A seminary student was killed and two others were injured in the quake, according to the mission.
The Saint Jacques order of missionary priests was officially founded in 1951 by the bishop of Gonaives, Haiti. While headquartered in France, it retains a strong presence in Haiti and traces its unofficial missionary activity to 1860.

Born in Jeremie, Haiti, on November 23, 1946, Miot was ordained a Roman Catholic priest in 1975.

He was consecrated a bishop in 1997, and named deputy to the archbishop of Port-au-Prince, a title he held until being named archbishop himself in 2008.

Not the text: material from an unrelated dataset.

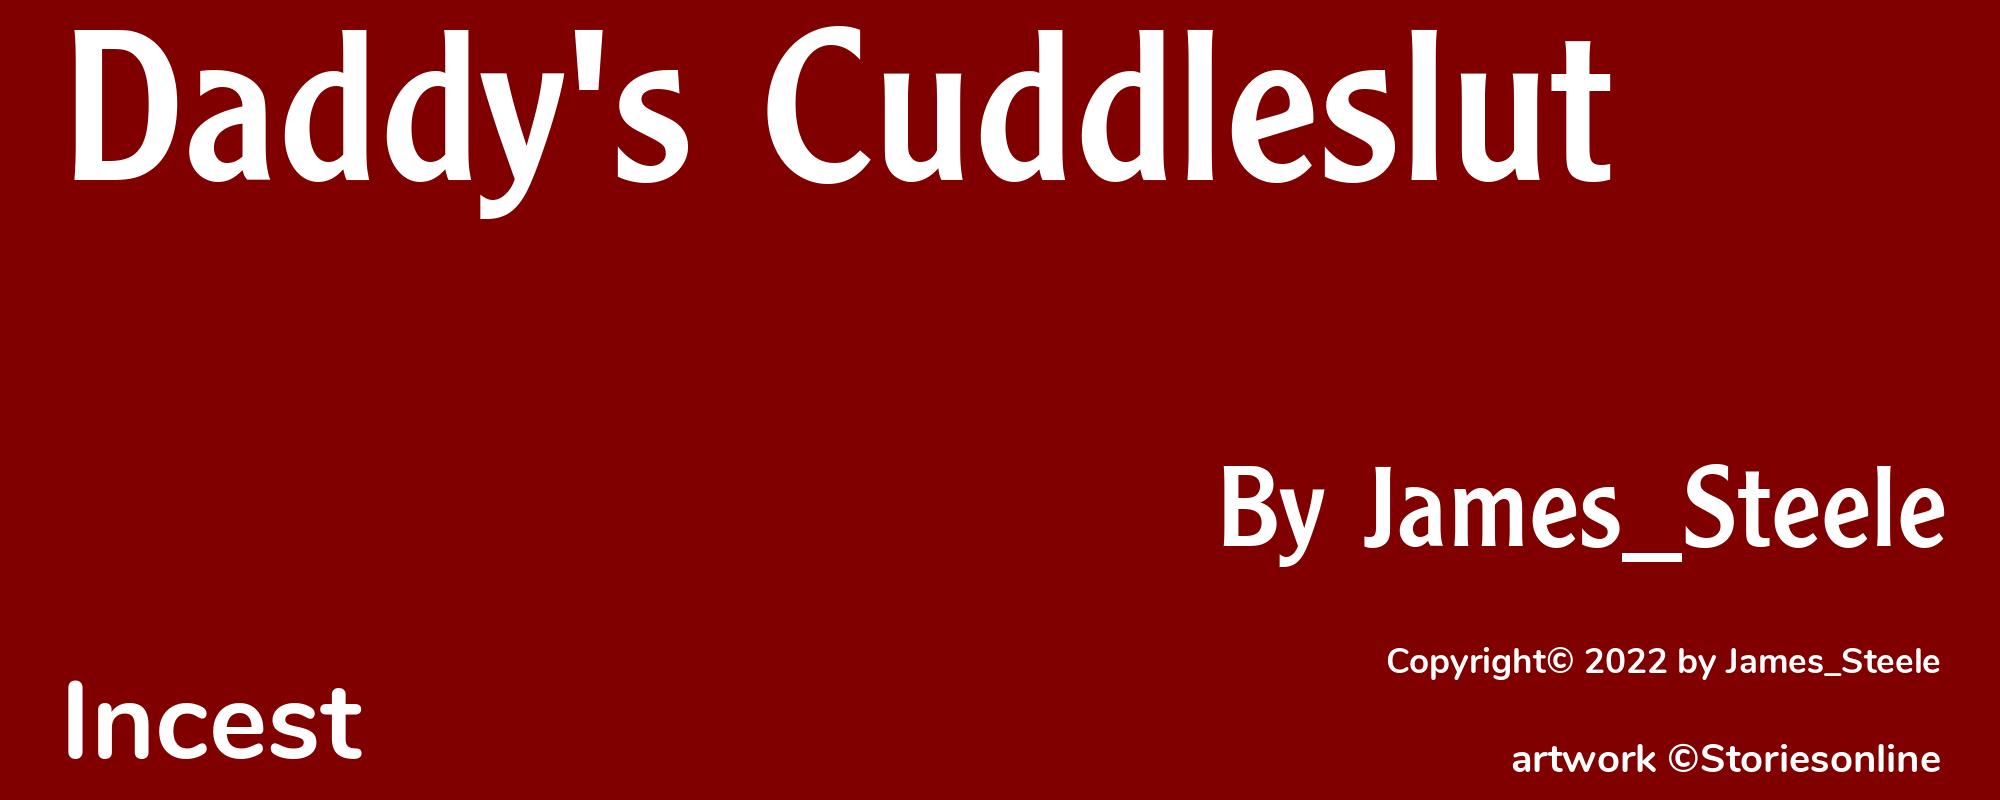 Daddy's Cuddleslut - Cover

"He was a demanding, and understanding, priest," said the Rev Michel Menard, also of the Saint Jacques mission, who met regularly with Miot in Haiti. "He was man of great discretion and humility."
"He was very close to his priests, very welcoming," and his door was always open to visitors, Menard said.
Miot, a philosophy professor at the Port-au-Prince seminary, "would tell students that being a priest is not a profession, it is a mission," Menard told AP by phone from the Brittany town of Landivisiau.